• PROBLEM REQUIREMENTS
These records contain pictures, which must be left out; copy exactly the lines from the one with "poglębiarek, koszarki itp..." up to and including the one with "119 Een kotomisi".

• AVAILABLE DATA
========================================
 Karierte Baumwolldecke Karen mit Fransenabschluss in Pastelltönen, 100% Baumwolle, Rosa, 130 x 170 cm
========================================
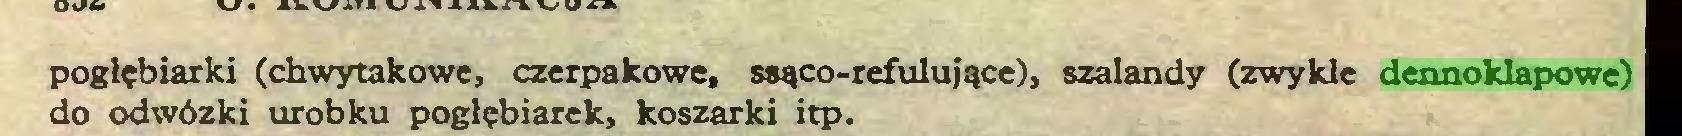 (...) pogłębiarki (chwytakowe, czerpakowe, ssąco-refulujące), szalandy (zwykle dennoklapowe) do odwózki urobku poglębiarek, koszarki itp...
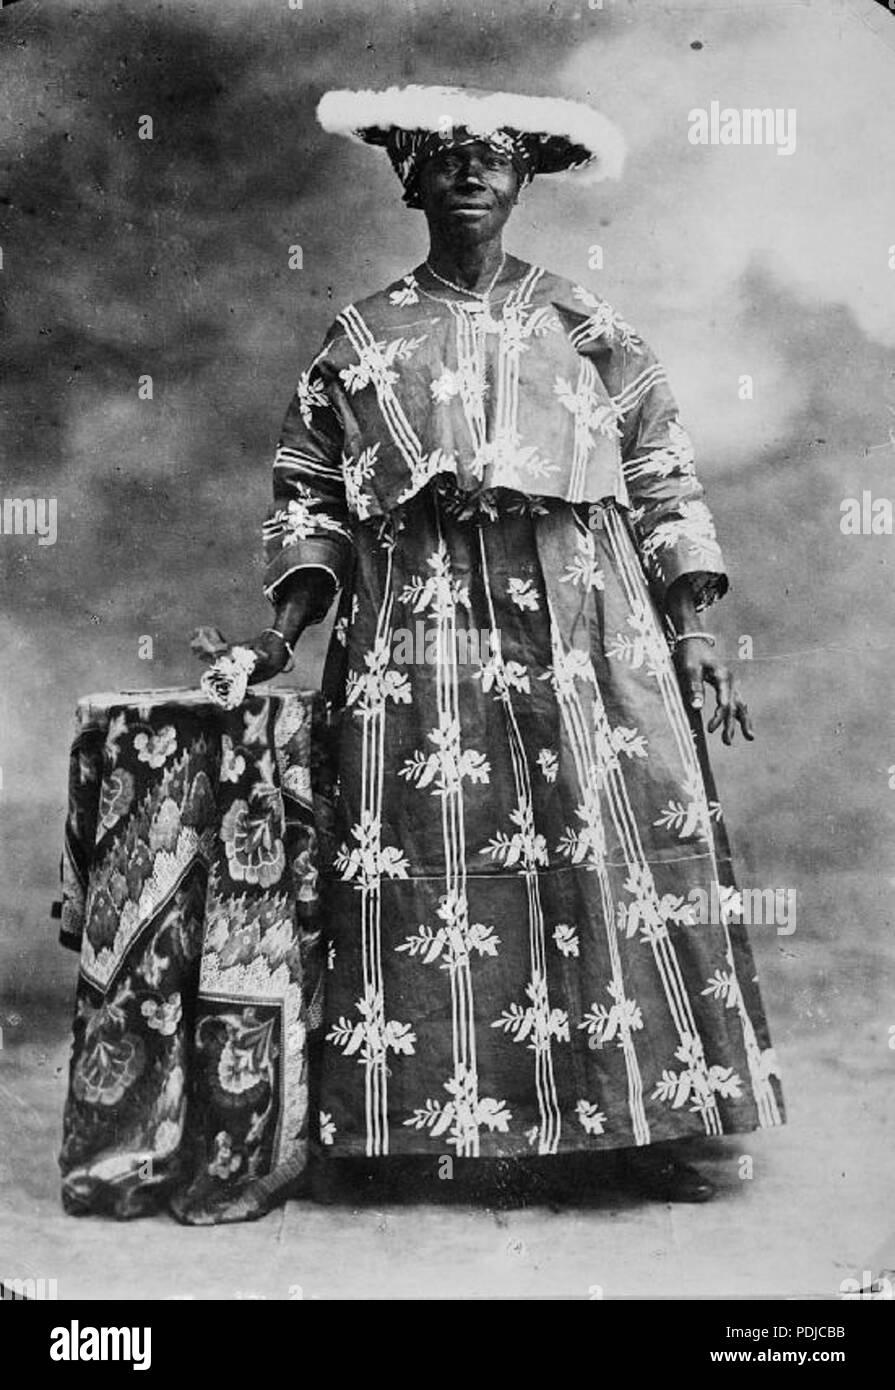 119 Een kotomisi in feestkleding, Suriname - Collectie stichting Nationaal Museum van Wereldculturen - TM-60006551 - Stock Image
========================================
• ANSWER SECTION
 (...) pogłębiarki (chwytakowe, czerpakowe, ssąco-refulujące), szalandy (zwykle dennoklapowe) do odwózki urobku poglębiarek, koszarki itp...
 119 Een kotomisi in feestkleding, Suriname - Collectie stichting Nationaal Museum van Wereldculturen - TM-60006551 - Stock Image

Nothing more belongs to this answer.